Capítulo Cuarenta y Dos: Informe de Minoría
"Subir conjuntamente el memorial no es cosa menor, pero yo no veo nada inapropiado en ello. Sin embargo, hay algo que quisiera consultar con un sabio del Tribuno. En la sala del trono se dice que todos son rectores y eruditos, siempre dispuestos a promover a los jóvenes, ¿por qué nunca me han mostrado algún favor? Cuando hablamos de amistades, todos se divierten juntos, pero en cuanto a asuntos oficiales, cada uno se echa para atrás. ¿Cuál es la razón?"
Hoy Jiamtang tiene algo que pedir, Yun Ye lo usa para subir un memorial conjunto para presionar a Jiamtang y obligarlo a explicarse. Cada vez que realiza una tarea en el consejo del trono después de una intensa investigación, obtiene una respuesta ambigua; incluso necesita ir a ver Li Er para que le aclare las cosas antes de poder continuar con su trabajo. ¿Para qué está luchando?
"¿El Marqués de Nube no lo sabe?" preguntó Jiamtang a Yun Ye.
"No lo sé, yo soy joven, pero en lo concerniente al asunto del Colegio, haré todo con diligencia y honestidad para que no tengan argumentos contra mí."
Las palabras de Yun Ye acabaron con una risotada de Jiamtang y Xu Jingzong. Yun Ye se sintió confundido.
Rieron por un largo rato antes de que se calmara. Jiamtang le dijo a Xu Jingzong: "Yanjü, explica bien este asunto al Marqués Incomprensible. Vamos a reírnos un poco más. Lo que ha hecho Yun Ye frustrar a el número uno de los tres males de Chang'an, Yun Bùqì, realmente merece celebrarlo con una copa."
Xu Jingzong limpió sus lágrimas y le explicó a Yun Ye: "Marqués, estás en desventaja porque has pensado demasiado en cada cosa. Los superiores siempre te encuentran sin fallos, pero ellos deben ser más inteligentes que tú. Para eliminar esta idea extraña de tu mente, sólo puedes buscar errores en tus memorandos. Incluso un error tipográfico cuenta.

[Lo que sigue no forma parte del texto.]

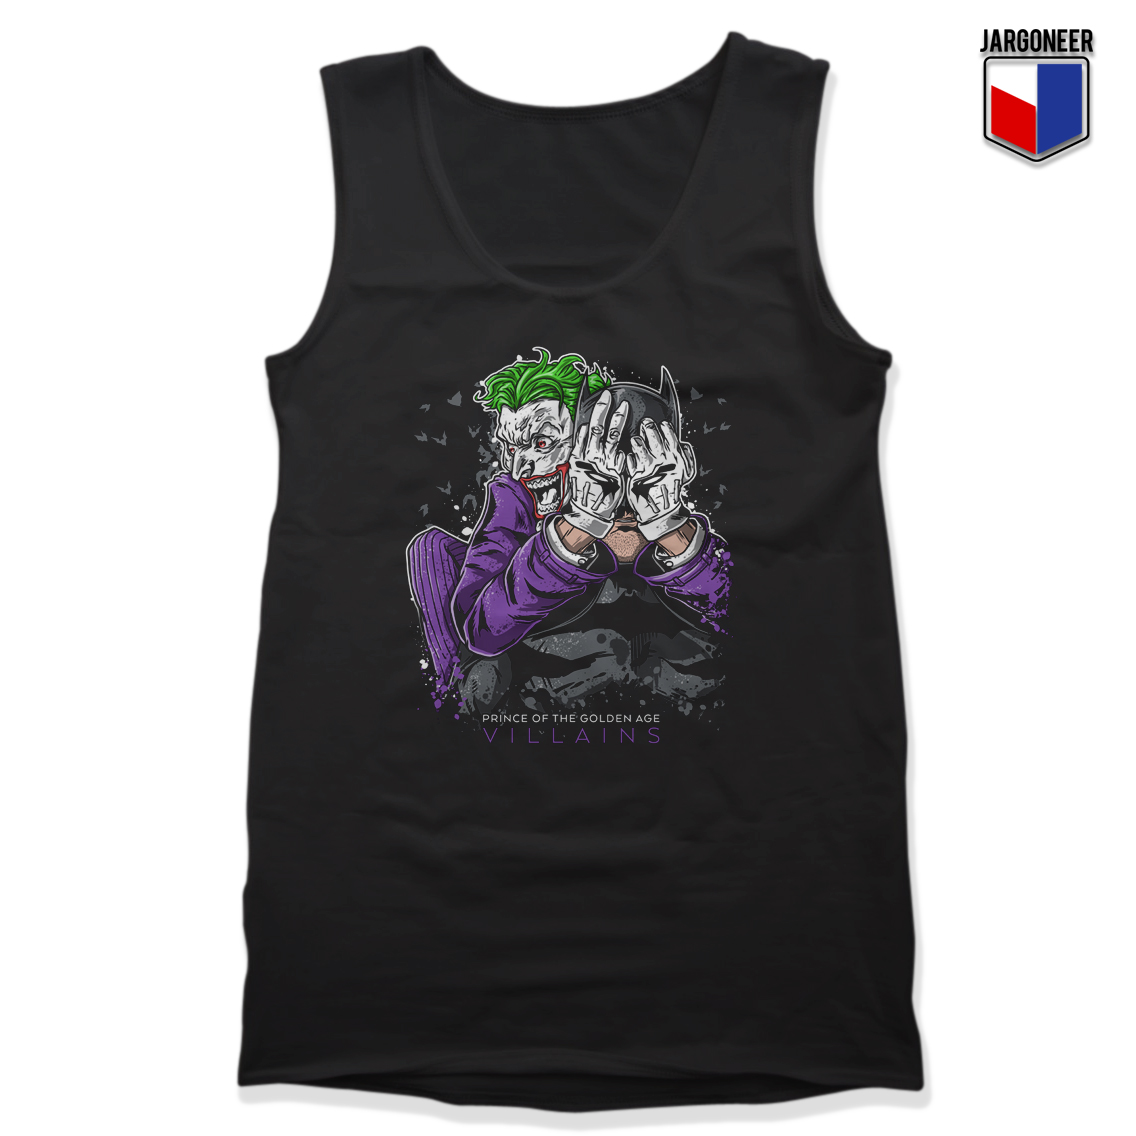 Cool The Bat Joker Unisex Adult Tank Top Design - Shop Unique Graphic Cool Shirt Designs

Afortunadamente, no les dieron esa oportunidad. Cuando entregaste el memorial a los superiores, esperabas que te ofrecieran correcciones y suplementos para obtener una respuesta final. Sin embargo, ninguno de ellos encontró fallos en tu memoria, lo que significa que uno de ustedes es un tonto. Para no ser ese tonto, decidieron hacerse el tonto contigo.
Cuando estaba en la Oficina de Obras, a menudo me encontraba revisando tus memorandos. Todo lo que pedías tenía argumentos sólidos y todos tus planteamientos eran sorprendentes pero excelentes. Cada vez que los revisaba, me daban nuevas ideas, incluso al punto de aplaudir por encima del escritorio en admiración. Te recuerdo tres memorandos: el primero, 'Solicitud para la construcción del Colegio de Investigación', el segundo, 'Memorial para la asignación de fondos', y el tercero, el famoso 'Resumen General del Colegio'.
He leído cientos de memorandos en mi vida, pero los tuyos son los que más me han impresionado. En tu primer memorial, describiste cuatro aspectos esenciales para la construcción del Colegio: militar, industrial, agrícola y comercial. Cada punto estaba soportado por argumentos sólidos hasta el punto de hacerme creer que sólo tenía que firmar. Estabas seguro de que el asunto se resolvería a tu favor.
Tu segundo memorial, 'Memorial para la asignación de fondos', fue usado como modelo en la Oficina de Obras. Al ver todos esos costos inusuales pero reales, me di cuenta de que los cálculos de costos de un proyecto podían ser tan elaborados. El secretario general se entretuvo tanto con tu memorial que sudaba. Si el memorial se aprobara tal cual, la Oficina de Obras sería ridiculizada. ¿Crees que aprobarían algo así?
Tu tercer memorial era obra maestra. Incluso los tres cónsules estaban en un aprieto y, probablemente, incluso el emperador también lo lamentaría. No tengo valor ni habilidad para juzgar, pero me enteré de que el emperador se reprendió a siete ocho eunucos después de leer tu memorial, y luego firmó por la construcción del Colegio, ordenando a los funcionarios que redactaran memorandos con contenido sólido. Si no tenían más que cumplidos o logros, serían multados. Jiamtang! ¡También te multaron!